In Diplomacy on June 30, 2010 by AEG Tagged: , ,

Asia represents perhaps the best current example of a region in which rising powers are competing with each other as well as the existing powers for increased influence and power in a convoluted web of diplomacy. This behavior is not at all unfamiliar to those who have studied diplomatic history, but for those uninitiated in the twists and turns of competitive peacetime diplomacy in an anarchic world system it might seem that the countries involved were trying to make things as confusing (and thus unstable) as possible. Further, the dots of individual policies might seem so diffuse and without clear direction as to be impossible to connect. Yet connections may be inferred; it is these first threads of linkage between behavior and possible outcome that underpin the development of long-range strategic policy. While strategy always relies upon prediction and speculation, these are not applied without basis, at least by responsible practitioners.

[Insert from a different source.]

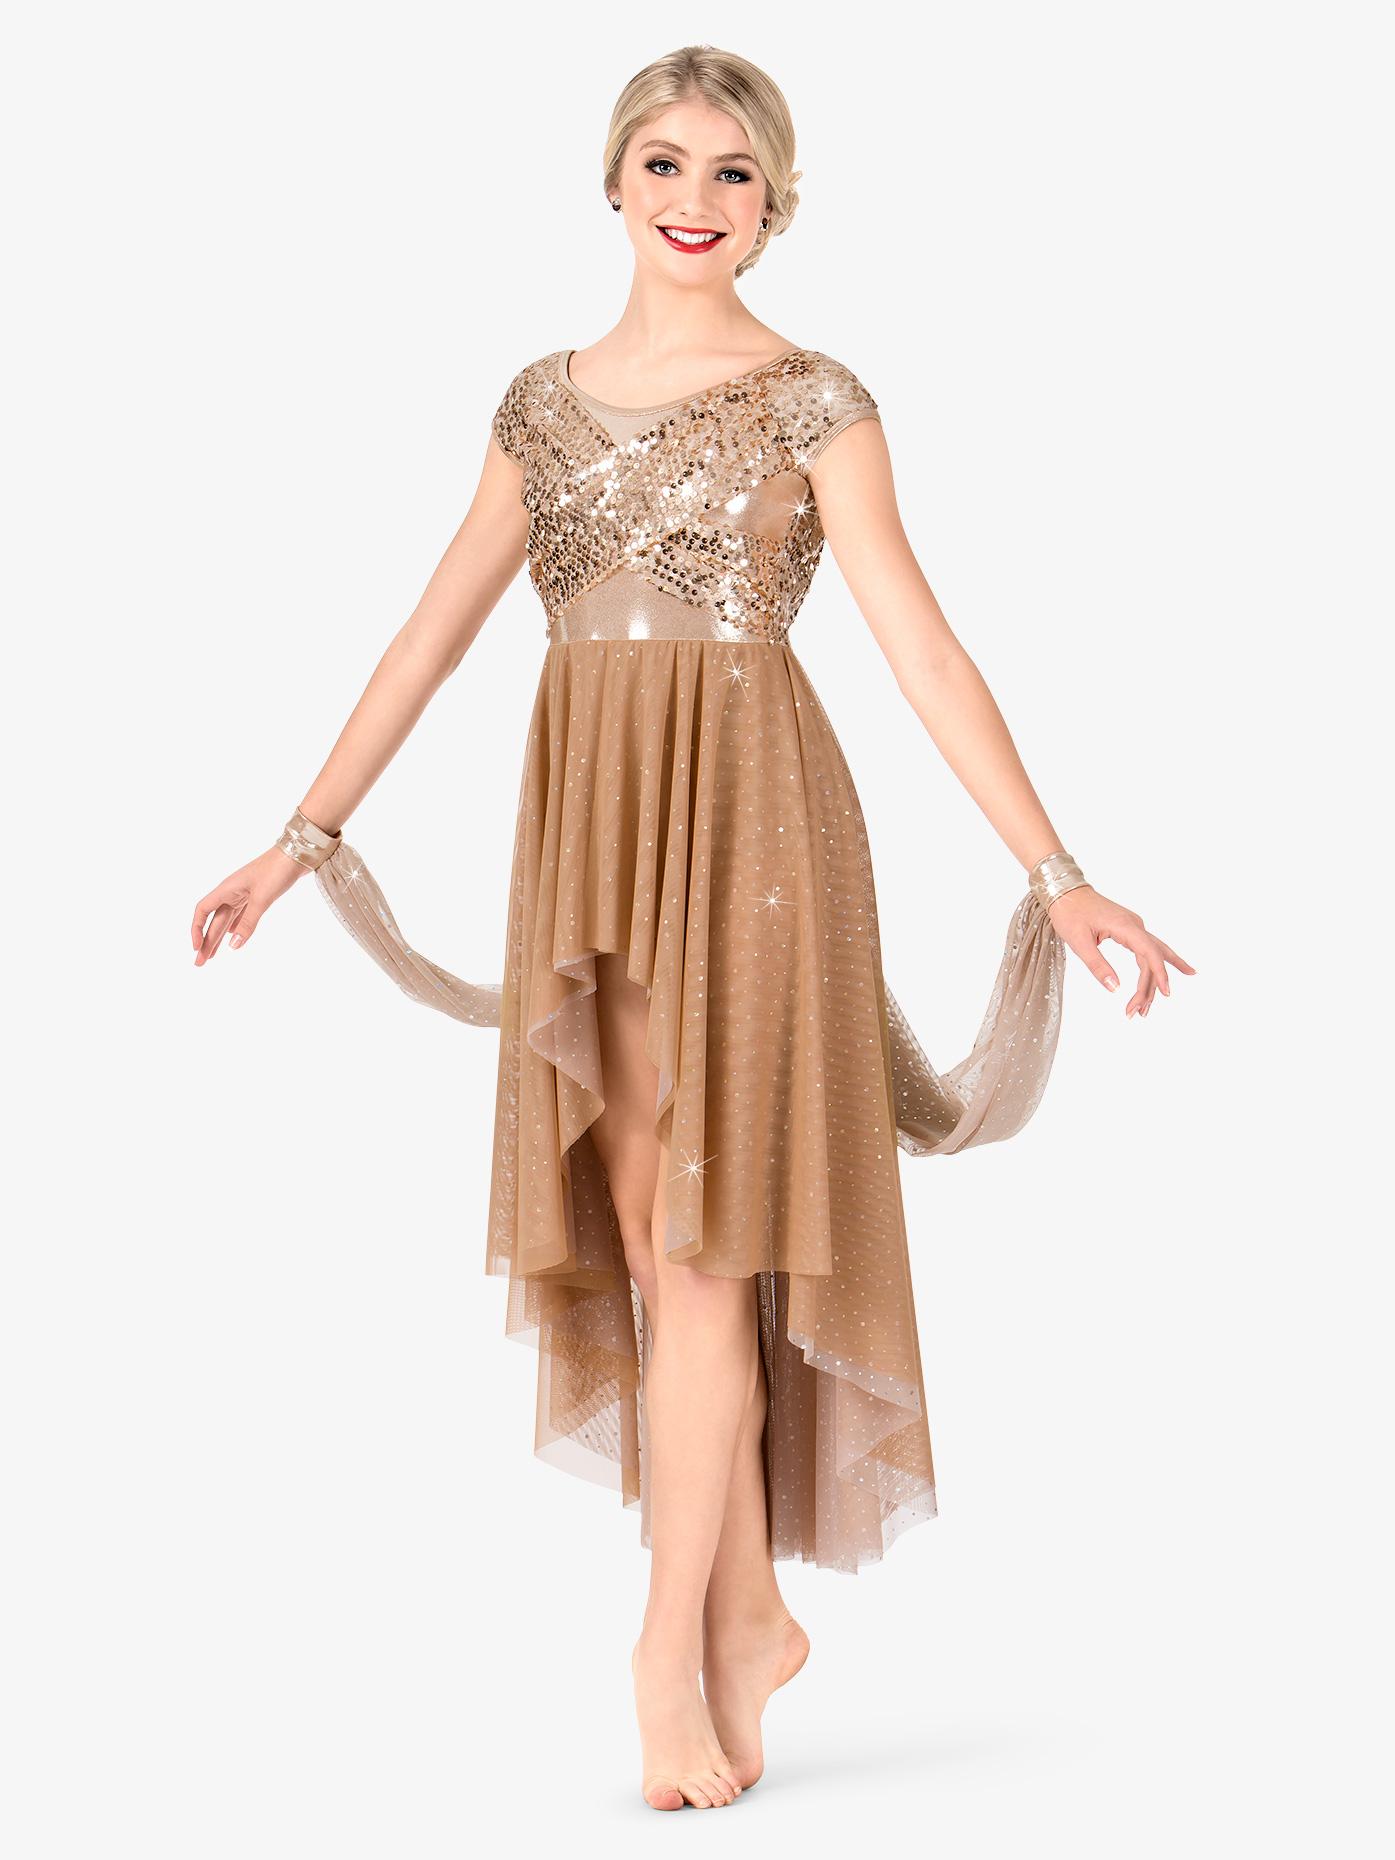 Elisse by Double Platinum Womens Plus Size Sequin High-Low Performance Dress N7474P

Witness the developments of the last few days in East and Central Asia. The Economist reports that China has agreed to supply Pakistan with two additional nuclear reactors for its existing Chasma facility. (The Economist, The Power of Nightmares, 24 Jun 2010) With Pakistan being a non-signatory of the Nuclear Non-Proliferation Treaty and already possessing nuclear weapons, as well as having an extensive history of proliferation and significant links to radical Islam, this is obviously of concern, particularly to India, Pakistan’s major regional rival. India, also a nuclear-armed power outside the NPT, is now engaged in preliminary discussions with both Japan and South Korea to expand its nuclear facilities, according to the Wall Street Journal. (The Wall Street Journal, Japan and India Launch Talks on Civilian Nuclear Pact, 29 Jun 2010) While there are legitimate energy needs to be met by nuclear power in both countries, these moves come too close together and raise too many questions to be simple coincidence.

China’s willingness to assist Pakistan is nothing new – it has provided arms in the past, as well as nuclear technology and even a nuclear warhead design. China views Pakistan as a useful client state that helps to balance India (China’s biggest regional rival in South Asia) and, indirectly, the United States (China’s biggest global rival). China is not particularly concerned about nuclear proliferation among Middle Eastern states or even Islamic radicals, as it appears to operate on the Machiavellian assumption that there are other powers that will suffer more from these developments, perhaps allowing China room to maneuver diplomatically.

Japan’s possession of peaceful nuclear technology has long been considered not only safe from domestic weaponization (opposition to nuclear weapons is understandably high among the Japanese people), but also from proliferation beyond its borders. Japan has had a strict policy of refusing to export nuclear technology to non-signatories to the NPT; the discussions with India vigorously cast aside that policy. Not only is India not a member of the NPT, but it has produced and tested nuclear weapons outside of it. Why has Japan suddenly altered its position, and why is it choosing to help India?

Part of the answer is mundane: the Indian market for energy is lucrative and growing, and the Japanese see opportunity. The willingness of South Korea to assist the Indians has only increased the market pressures on Japan to relax its nuclear policies. This alone, however, seems rather weak as the sole explanation for such a radical ideological shift.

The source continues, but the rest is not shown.